Why? Because self-managed employees …
- Look forward to coming to work
- Take ownership for tasks assigned
- Accept personal responsibility
- Hold themselves accountable
- Create less conflict
And, they are happier people, more fun to work with.
Cultivating a Happy Workforce
Shawn Achor points out the value of happy workers in The Happiness Advantage. The value of happy workers is the good elephant in the room, huge rewards.
Data abounds showing that happy workers have higher levels of productivity, produce higher sales, perform better in leadership positions, and receive higher performance ratings and higher pay. They also enjoy more job security and are less likely to take sick days, to quit, or to become burned out. Happy CEOs are more likely to lead teams of employees who are both happy and healthy, and who find their work climate conducive to high performance. The list of happiness in the workplace goes on and on. (page 41)

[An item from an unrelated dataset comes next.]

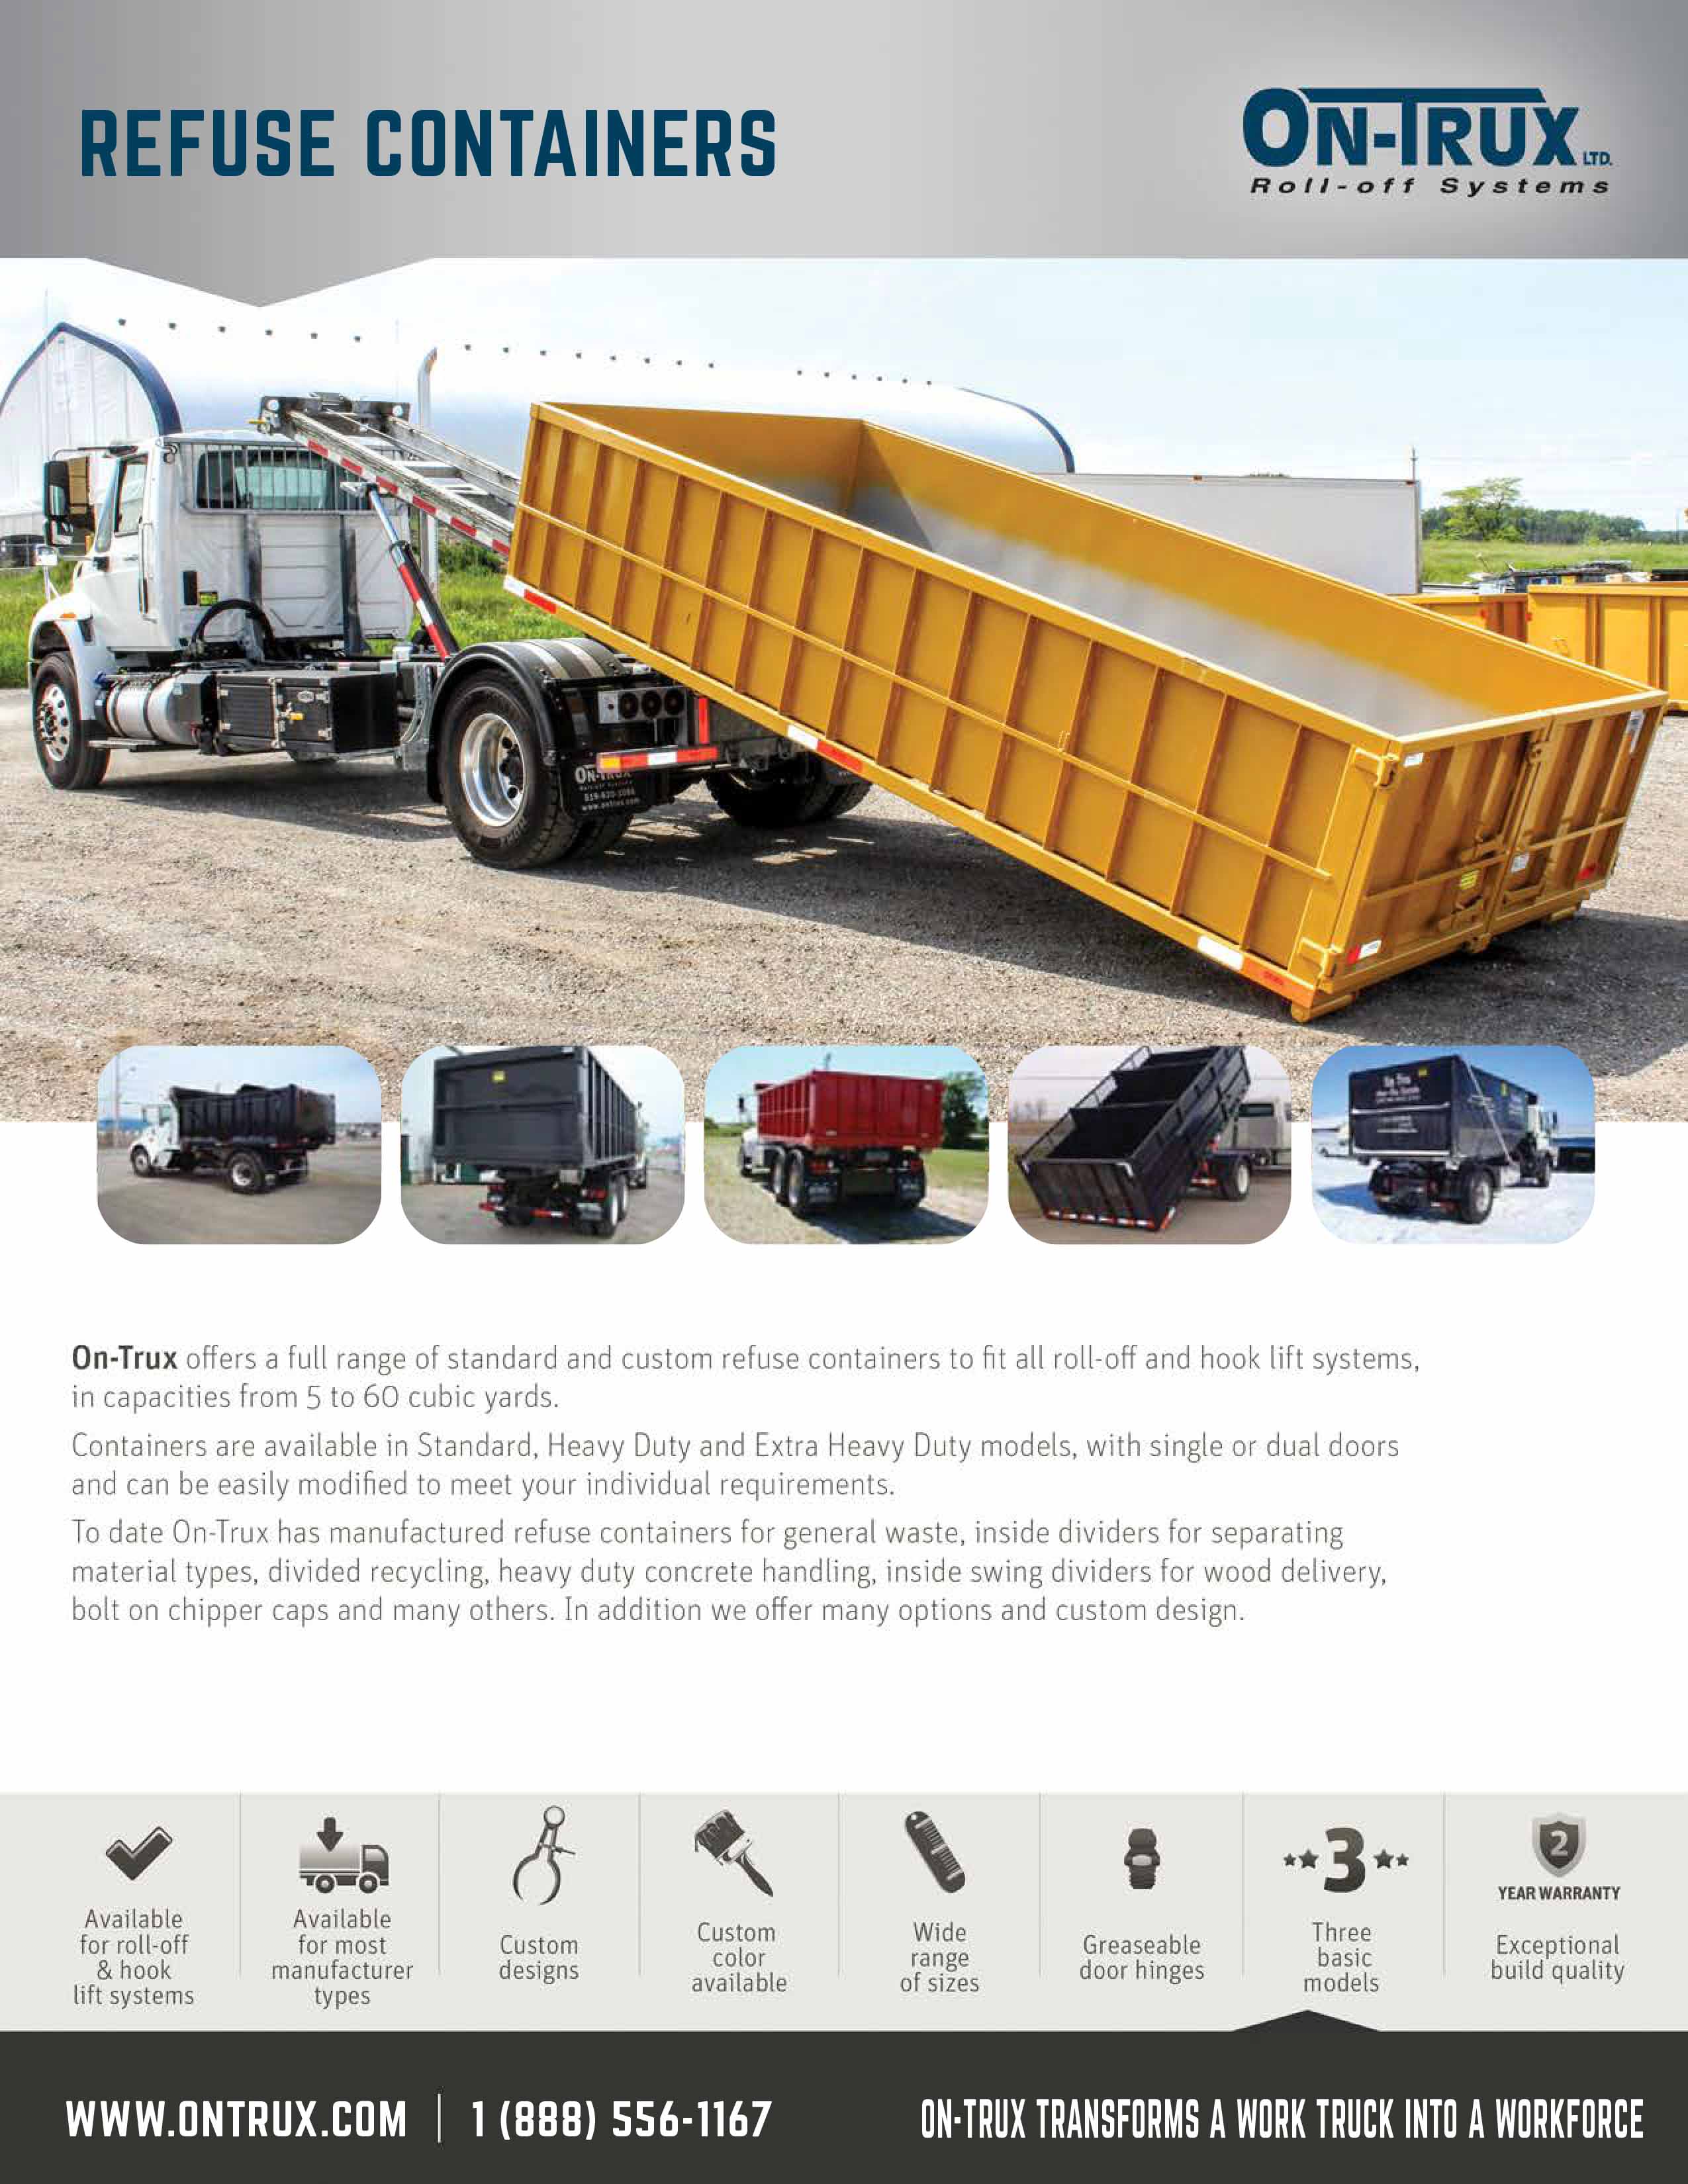 REFUSE CONTAINERS: Available for most roll-off and hook-lift systems

The future belongs to companies with self-managed employees because self-managed employees are happier people. Sustainability involves people, profit, and planet.
If you want to get the employee piece of your business right, develop the people part, and the people will make the business part right, too.
Revealing much, my last question for Susan was important, “How did Mary respond to your question?” (What do you think we should do?)
“She was surprised at first, then it became her project and she stepped up to the plate. She was excited, volunteered to stay late, and we got the job done. I think she felt trusted and respected.”
Why do you think Mary was surprised?
In the midst of the crisis, what allowed her to feel trusted and respected?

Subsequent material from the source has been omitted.